(Problem requirements):
Once the line containing "2017年9月1日 日経MJ" is reached, copy it and every line after it exactly, to the end of the material, without pictures.

(Dataset content):
*** Begin section ***

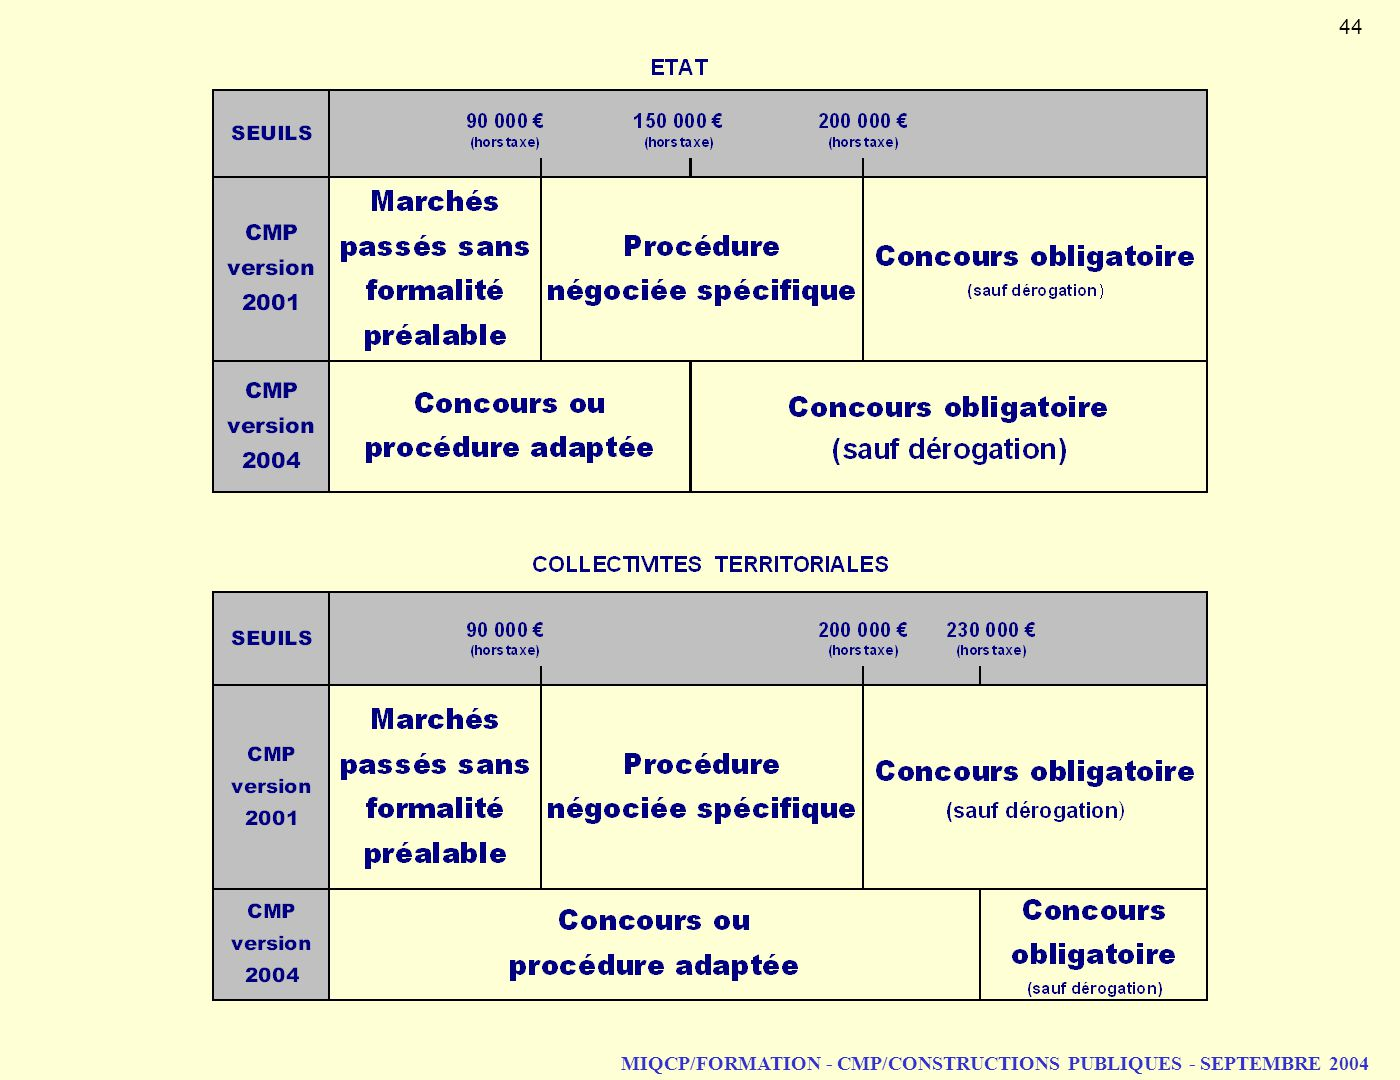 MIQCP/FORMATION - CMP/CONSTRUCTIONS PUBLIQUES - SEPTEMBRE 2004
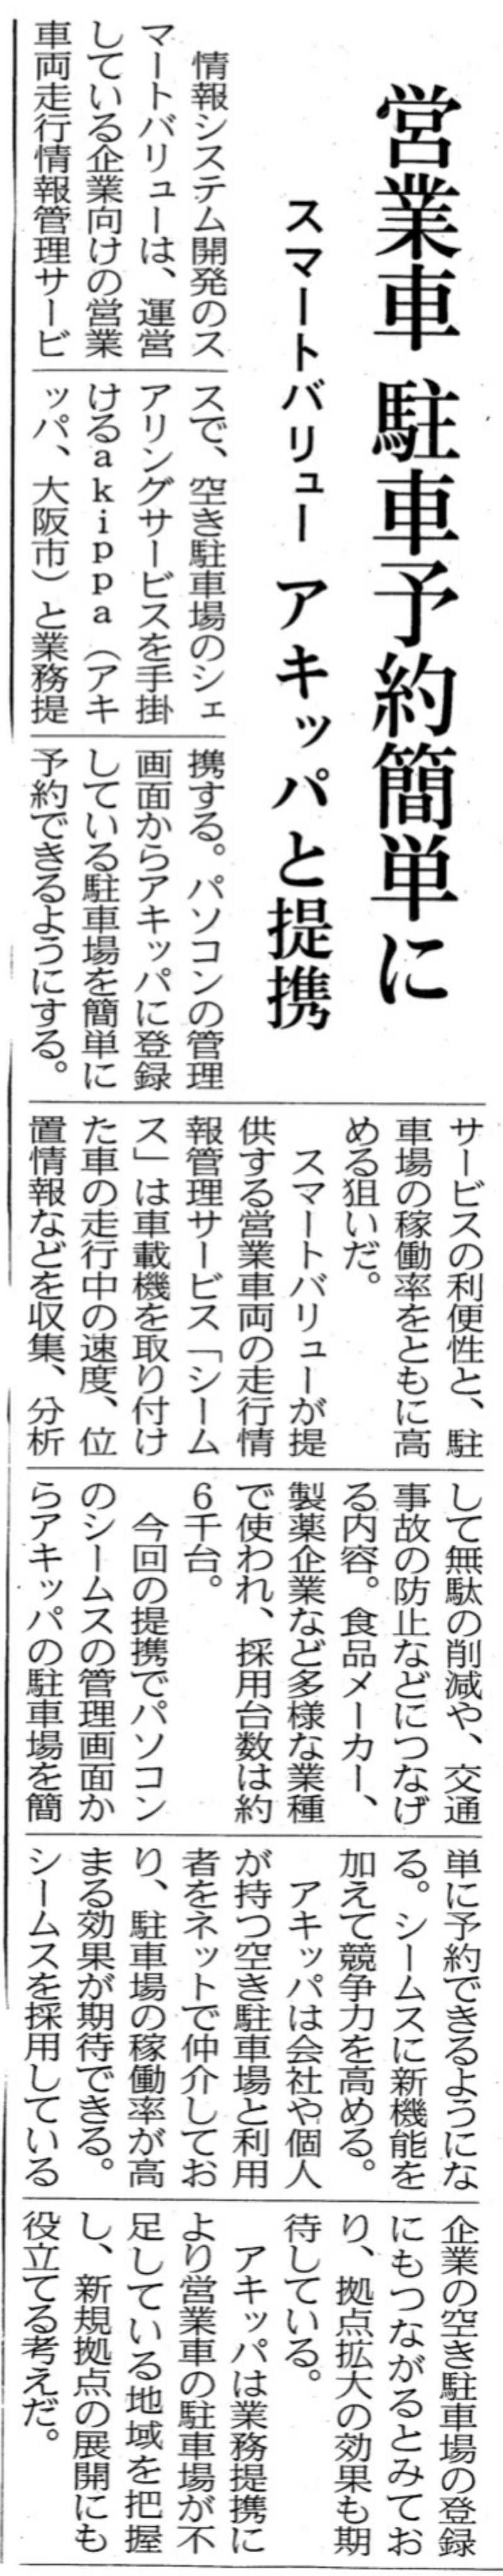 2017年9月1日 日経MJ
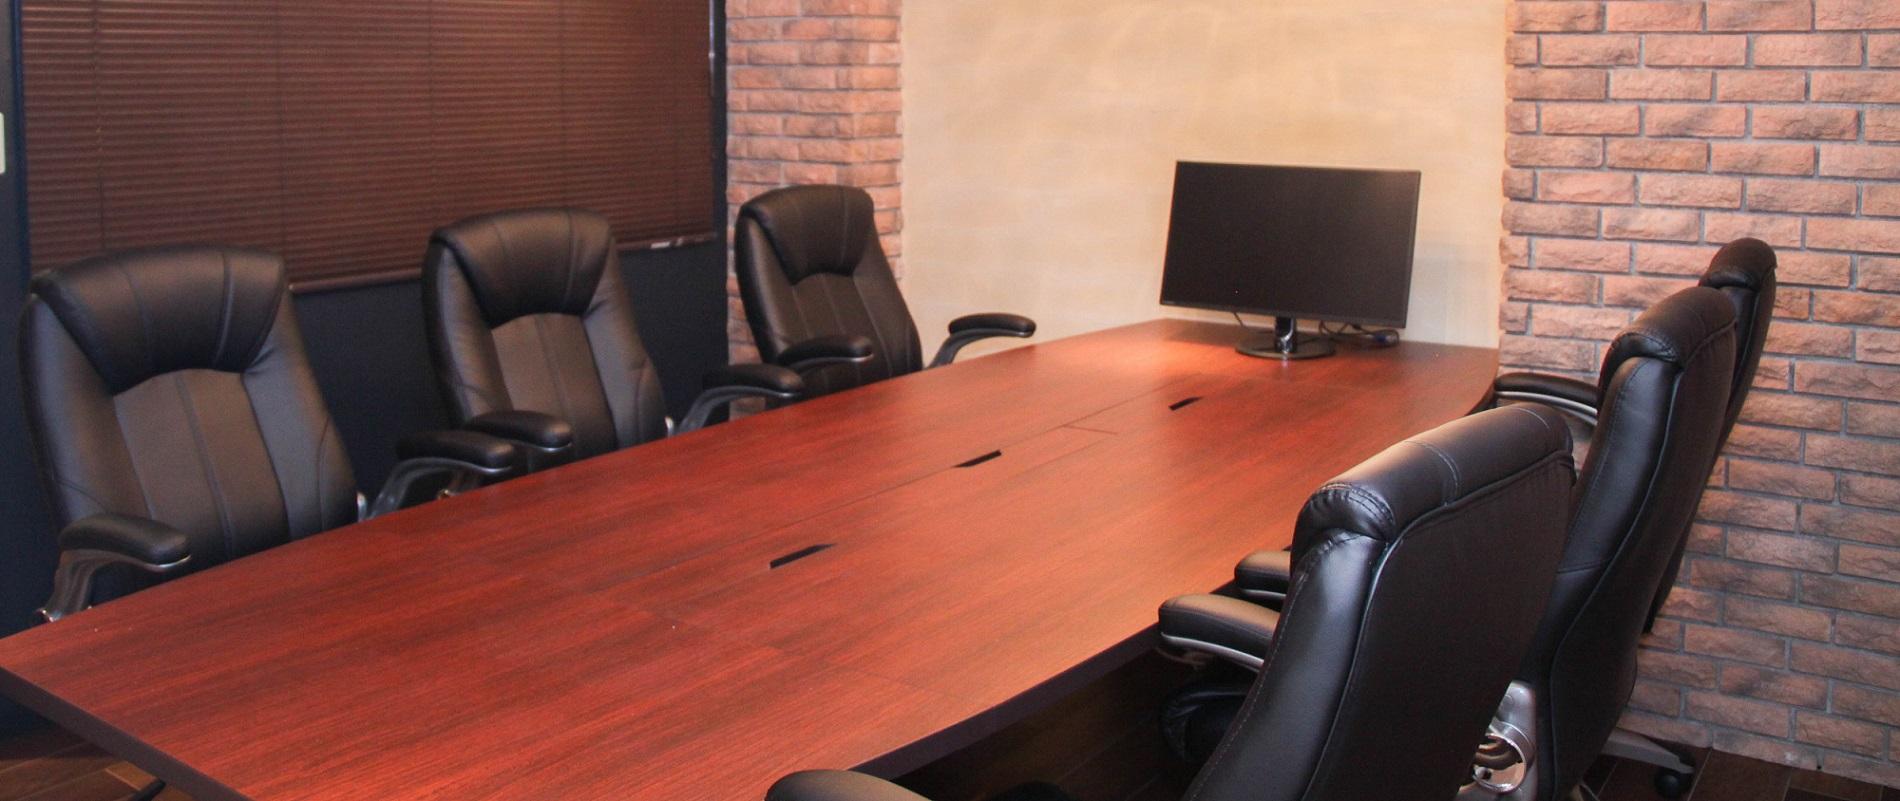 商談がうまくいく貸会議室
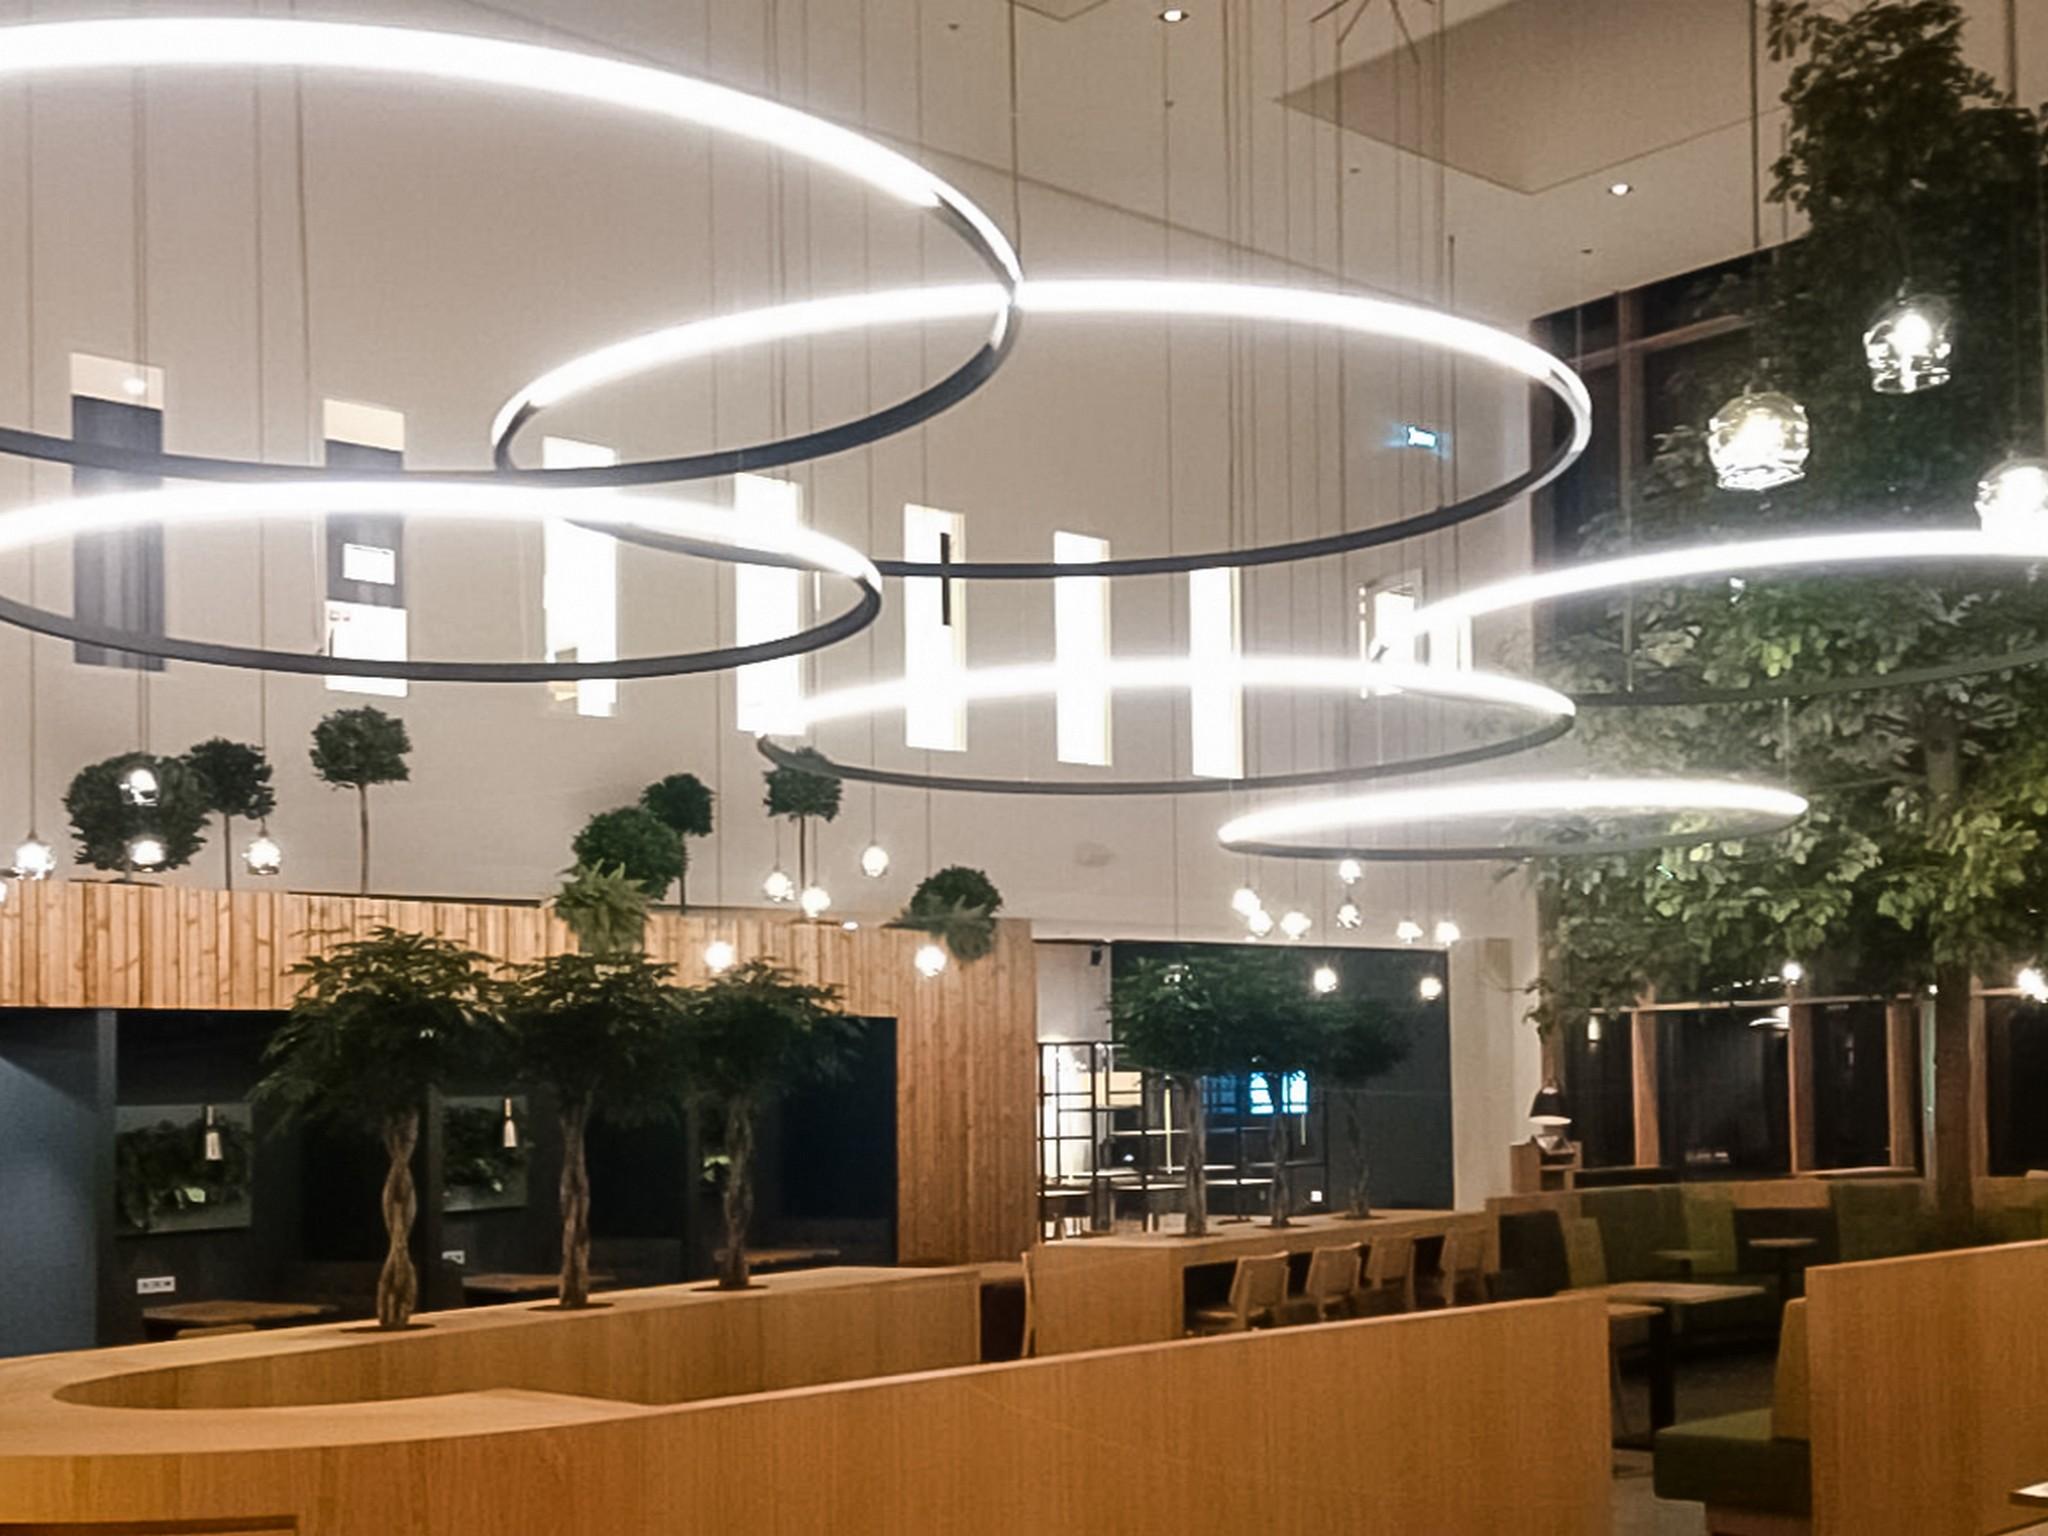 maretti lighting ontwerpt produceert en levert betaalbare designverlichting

*** End section ***

(Output):
 2017年9月1日 日経MJ
 商談がうまくいく貸会議室
 maretti lighting ontwerpt produceert en levert betaalbare designverlichting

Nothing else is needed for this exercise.